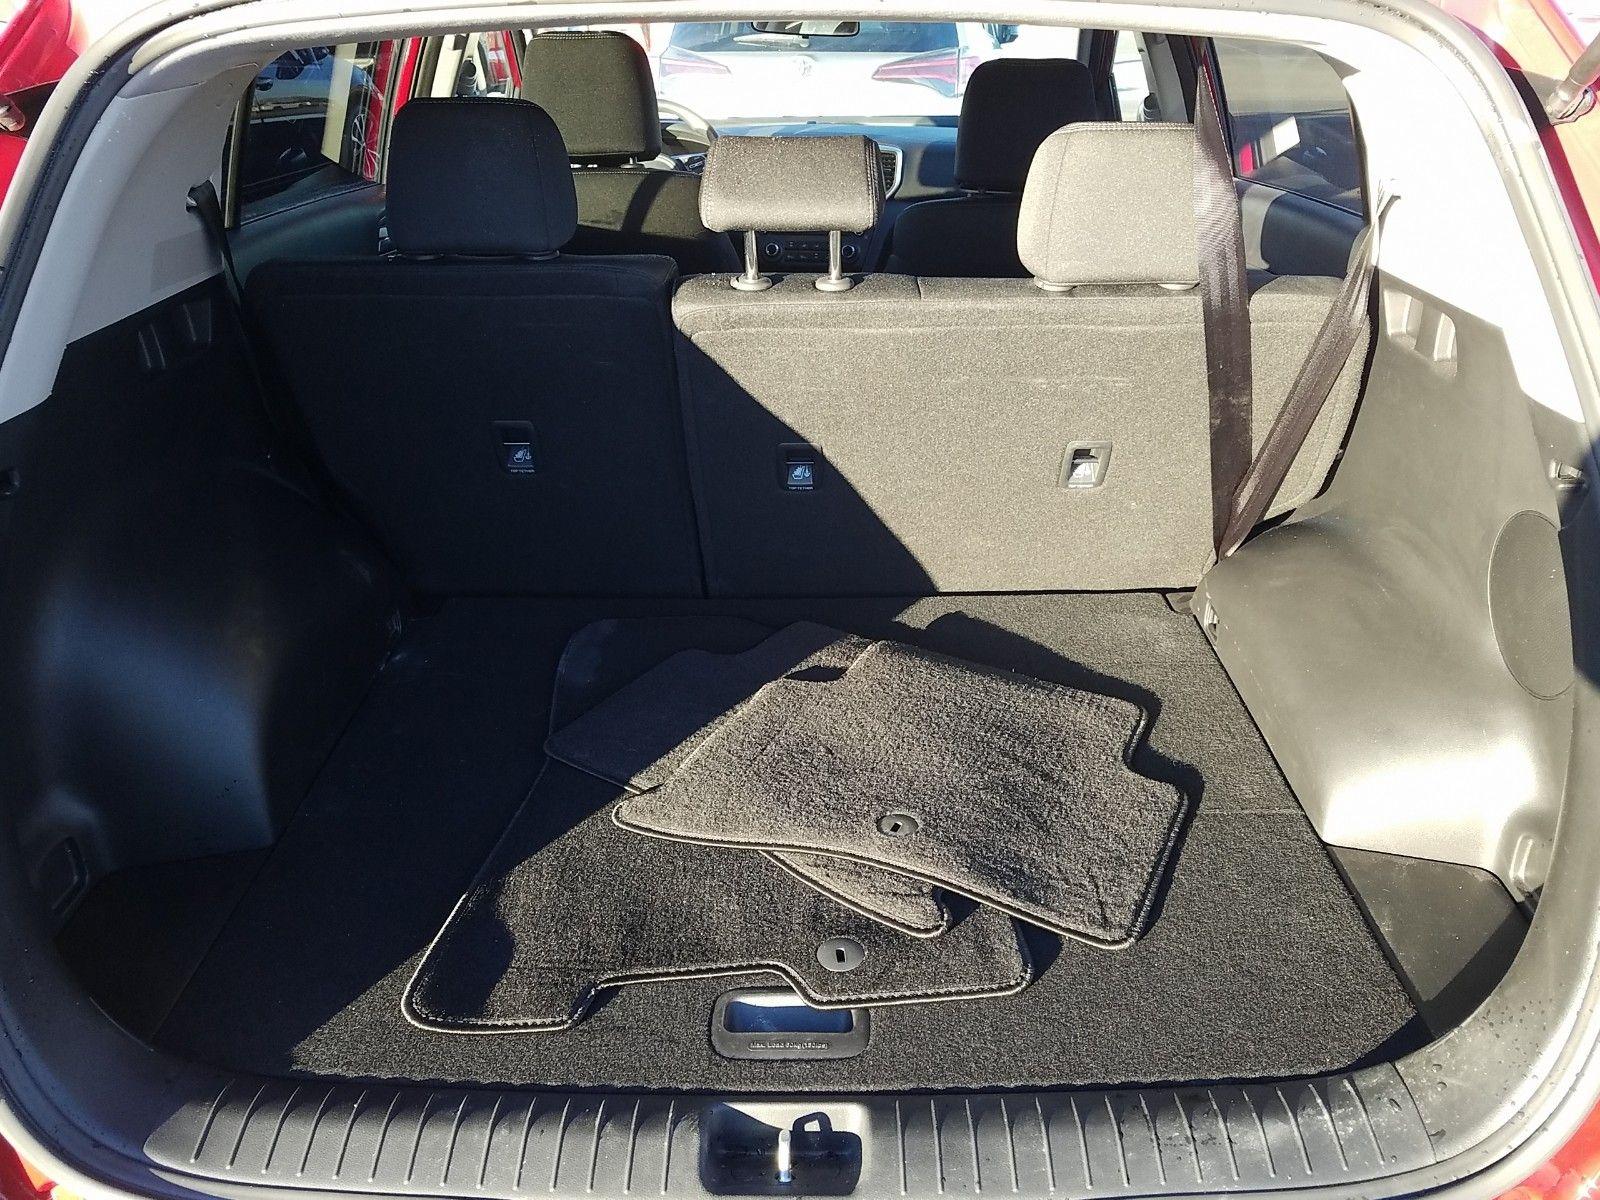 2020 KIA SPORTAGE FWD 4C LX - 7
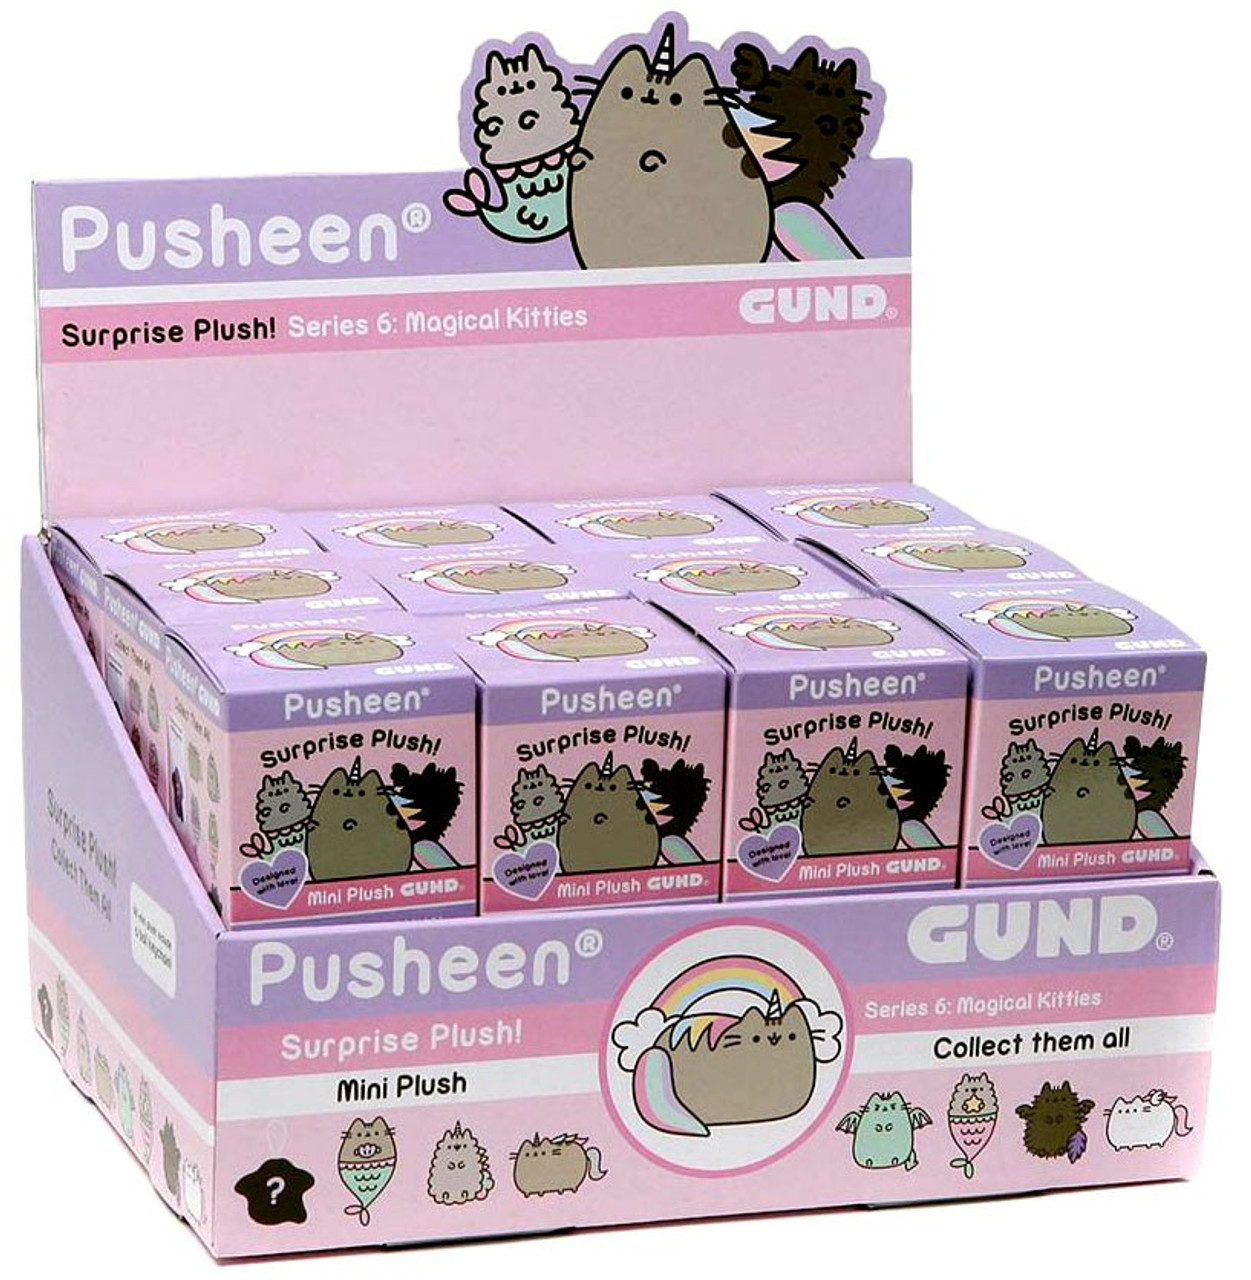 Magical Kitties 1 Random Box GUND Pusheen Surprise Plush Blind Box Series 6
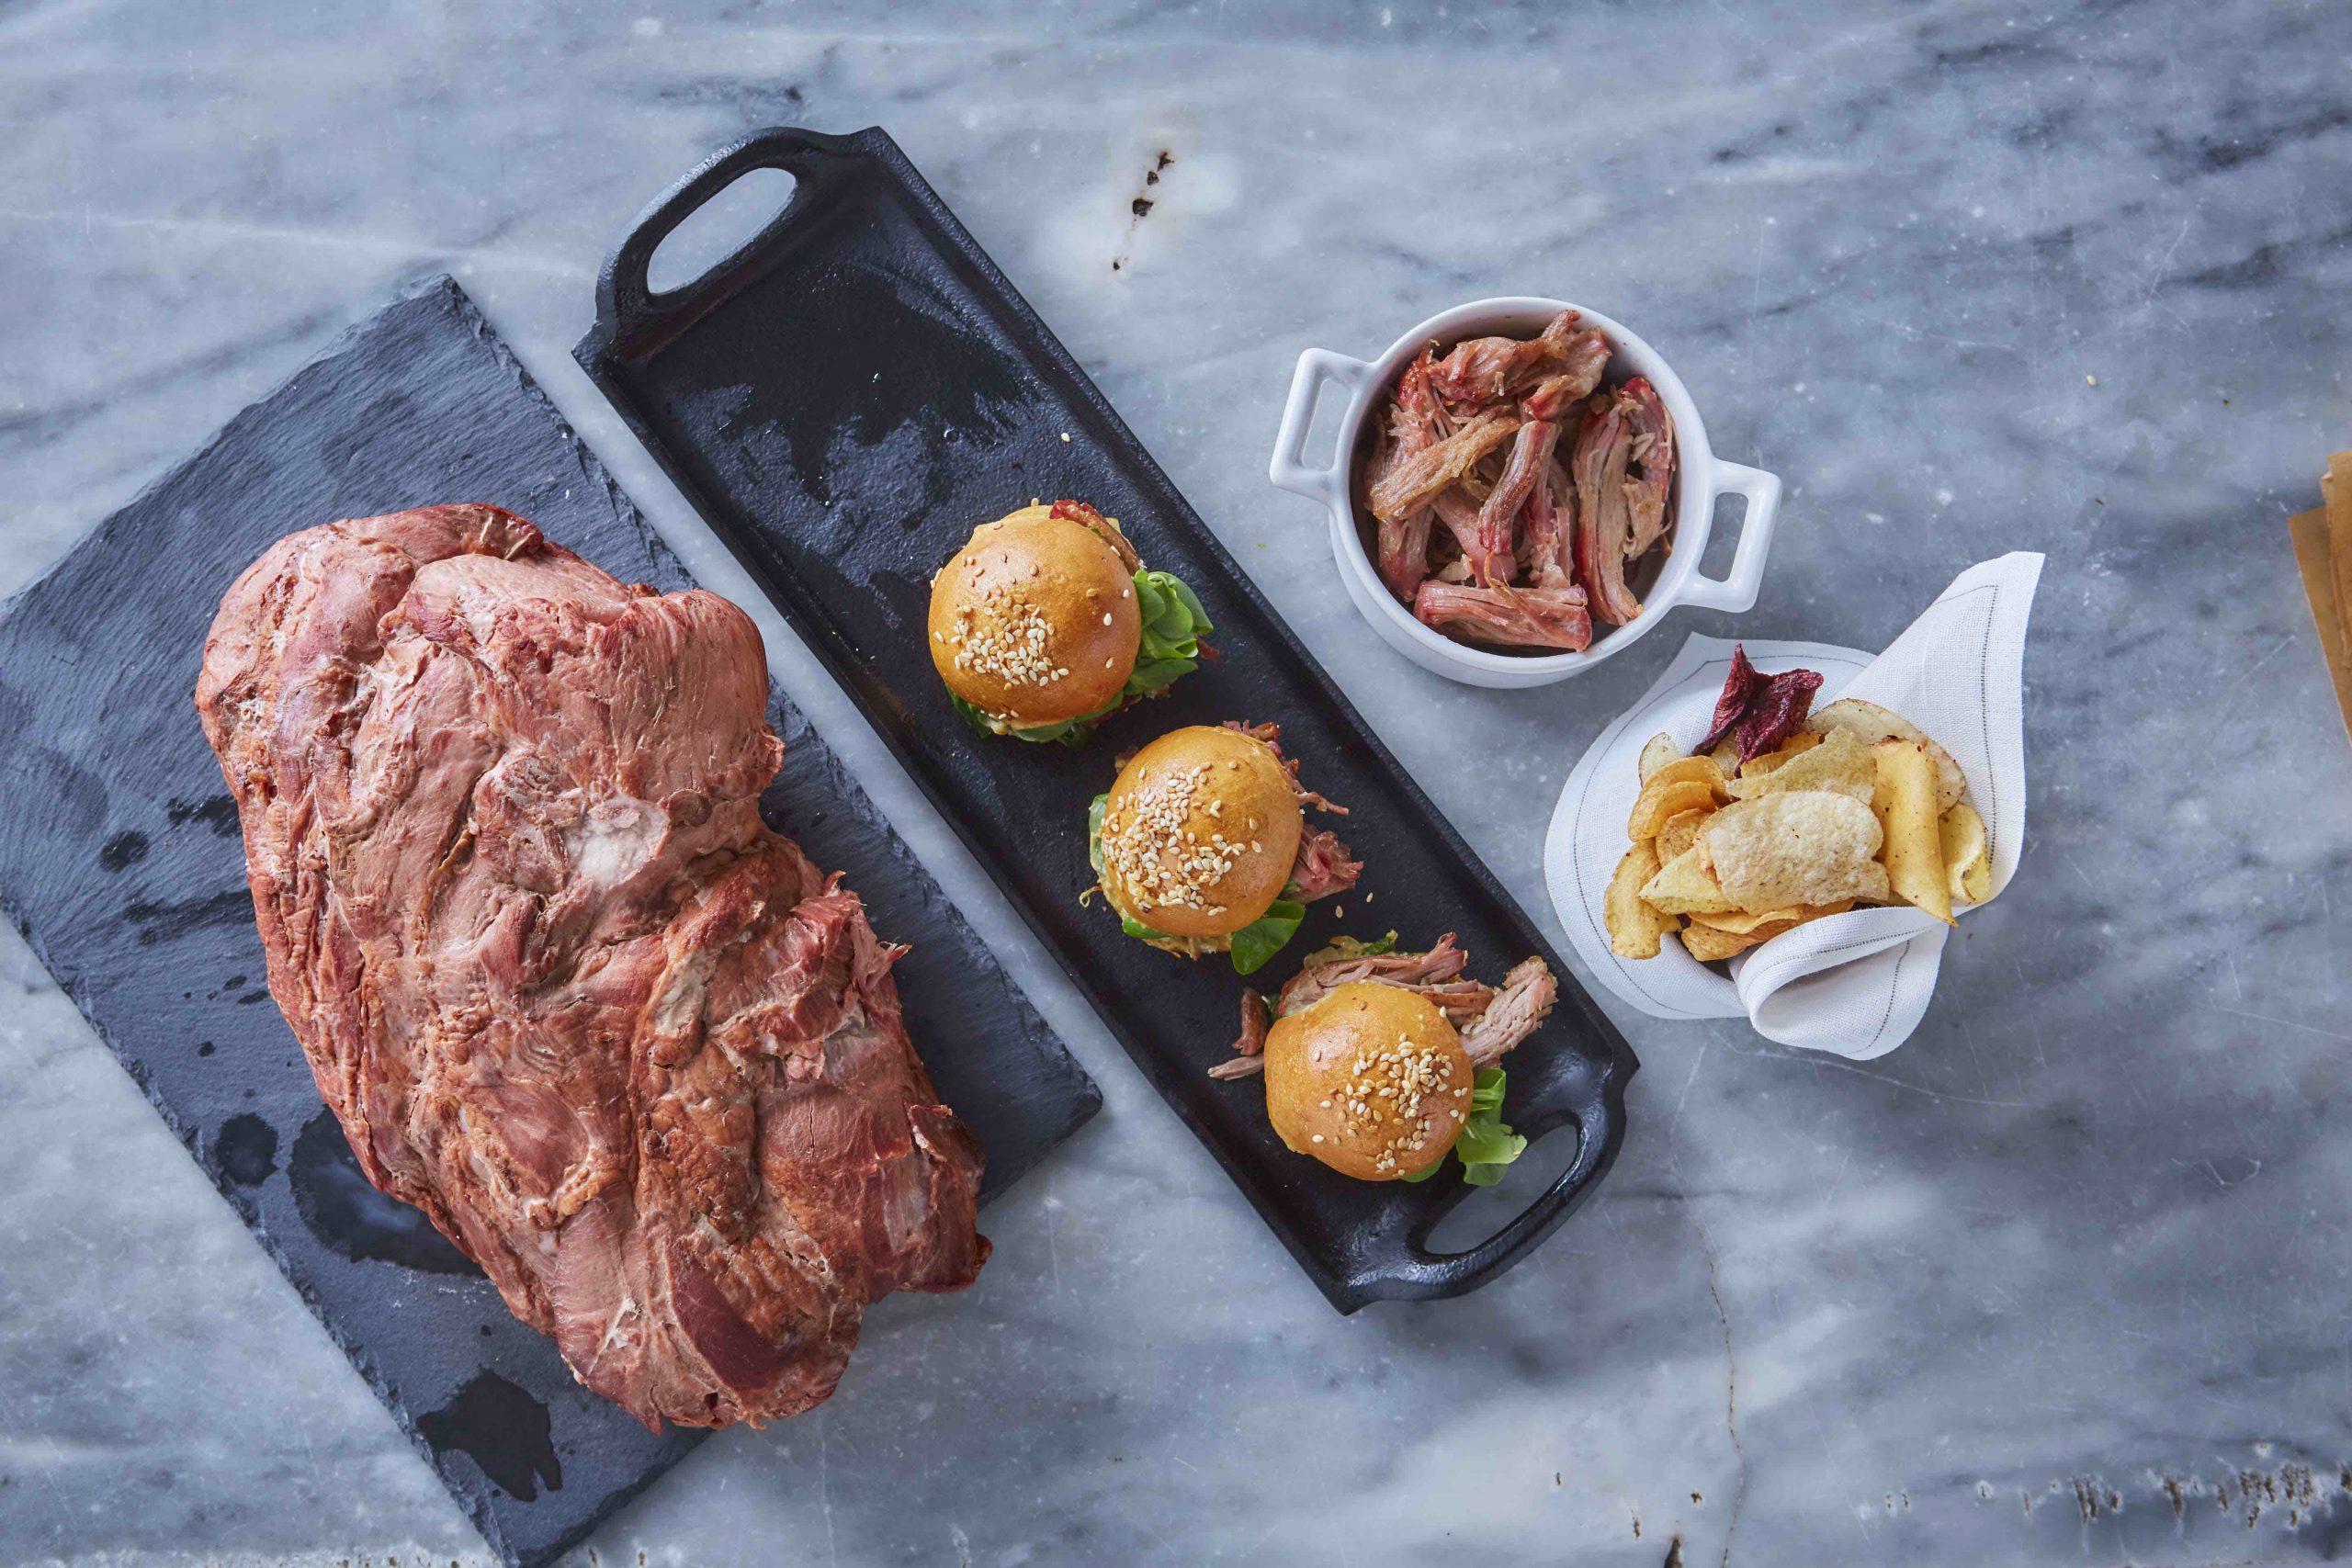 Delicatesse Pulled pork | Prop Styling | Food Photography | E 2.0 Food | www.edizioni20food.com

*Work instruction*
Send back every line of the listing exactly. Omit the images.

*Solved problem*
 2020 KIA SPORTAGE FWD 4C LX - 7
 Magical Kitties 1 Random Box GUND Pusheen Surprise Plush Blind Box Series 6
 Delicatesse Pulled pork | Prop Styling | Food Photography | E 2.0 Food | www.edizioni20food.com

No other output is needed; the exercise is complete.